Rise of the Tomb Raider(18) Xbox One, Xbox 360
Boobies. Despite a fair mix of puzzle-solving and third-person shooting, the first outing in 1996 for heroine Lara Croft will probably be best remembered for her well-endowed chest.
Her return in the (second) re-boot of the franchise, has thankfully seen the focus move away from her breasts, and concentrate on Lara's humble beginnings.
Rise of the Tomb Raider is the sequel to Crystal Dynamics' 2013 title, pretty much picking up from where that story left off. For her latest adventure, Lara has got her winter outfit on as she's digging about mostly in Siberia.
Out in its chilly climes, Lara is in search of possibly the most the greatest treasure of all - immortality. But as you would expect, she's not alone in wanting to it; a group known as Trinity have also got wind of its whereabouts, and are keen to get their grubby mitts on it before Lara does. In fact, they'll stop at nothing to find the treasure before Ms Croft does, and if it means putting her six feet under (even in the snow), then so be it.
Although Lara appears to have had more comebacks than Take That, the first instalment in her most recent reboot was a welcome one. 2013's Tomb Raider managed no mean feat by actually making Lara Croft relevant again. It was an adventure that would have Nathan Drake quietly mumbling platitudes under his breath. Of course he would also mention that she was pretty much a version of himself but with boobs, and that would be a fair comment.
The fact is, although the game didn't actually do anything new - and let's face it, very few games do these days - it excelled in what it did do. They did such good job with it, that it would prove difficult to beat. And that's proven to be the case.
Rise of the Tomb Raider ultimately feels like a larger chunk than usual of DLC; many of the fun elements of the first game exist here, but this title struggles to add anything new to it. Not only that, it feels like it may even have taken the franchise a step back.
Lara is a renowned globetrotter, getting more stamps in her passport than David Attenborough. Unfortunately, as nicely rendered as the Siberian locale is, trudging around in the snow gets repetitive real quick. Lara crawls up an ice wall here, plods in the snow a bit, pops into a cave, pops out to be greeted by more snow, oh look, another bloody ice wall to climb. It would be like having Attenborough do an entire series in a tiny allotment just outside Reading, and no-one wants to see that.
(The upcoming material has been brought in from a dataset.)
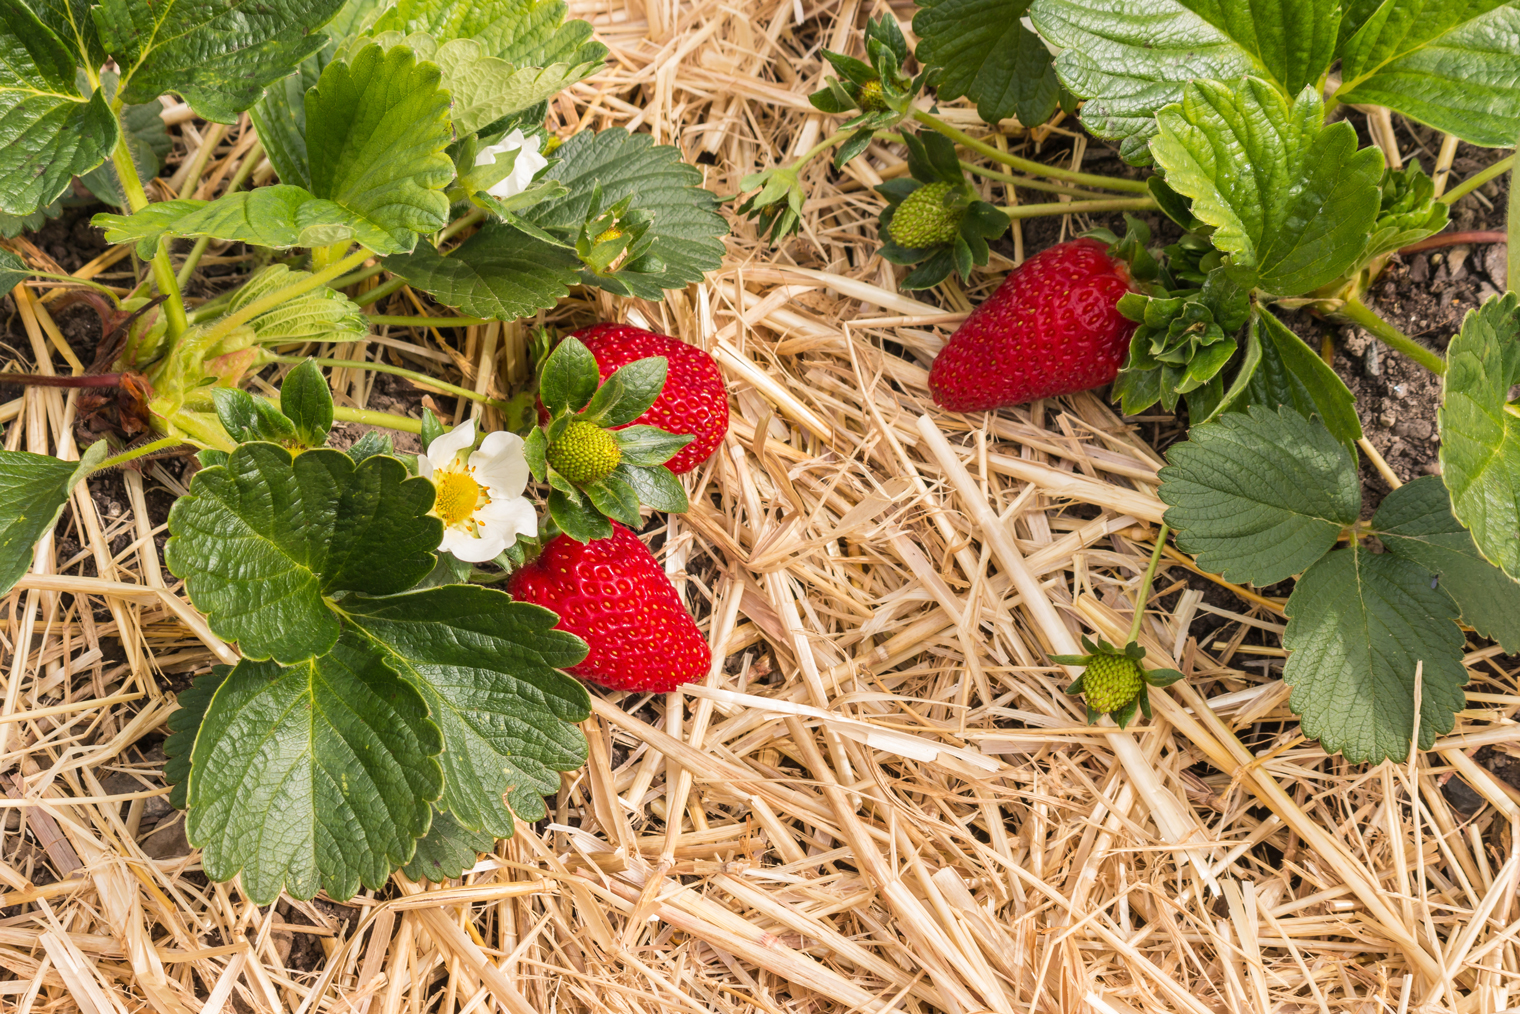 Солома и сено хороши еще и тем, что ягоды не будут соприкасаться с землей и останутся чистыми даже после дождей и поливов. Фотография: patjo / Shutterstock / FOTODOM

There was a chance for the developers to claw back some kudos with some cool set pieces, but they don't, as there aren't any. Even the annual Call of Duty title, with many not even touching the solo campaign ever in favour of the multiplayer, even manages a nod of respect at least once or twice with a respectable set piece, so if they can do it, Crystal Dynamics have no excuse.
And to rub salt into the wound (and you'll need it with all out that darn snow knocking about), they've also decided to drop the multiplayer this time around, so you're paying the same as the last one, but for less of a game.
There was an opportunity to build on the brilliant work done with the first game, but this sequel reeks of complacency. It's far from being bad, but there's no denying it's a disappointment. And as it's released as a timed exclusive for Microsoft consoles, PS4 owners shouldn't feel let down at having to wait, as they're not missing much with this effort at all.
This Tomb Raider is less of a rise and more of a lazy lean to one side, with Lara clearly going through the motions. Hopefully she'll get her mojo back for any further adventures she has planned, for all our sakes.
Lara may well have covered her bits up, quite rightly, from her early days, but it doesn't stop this game from being a bit of a booby in itself.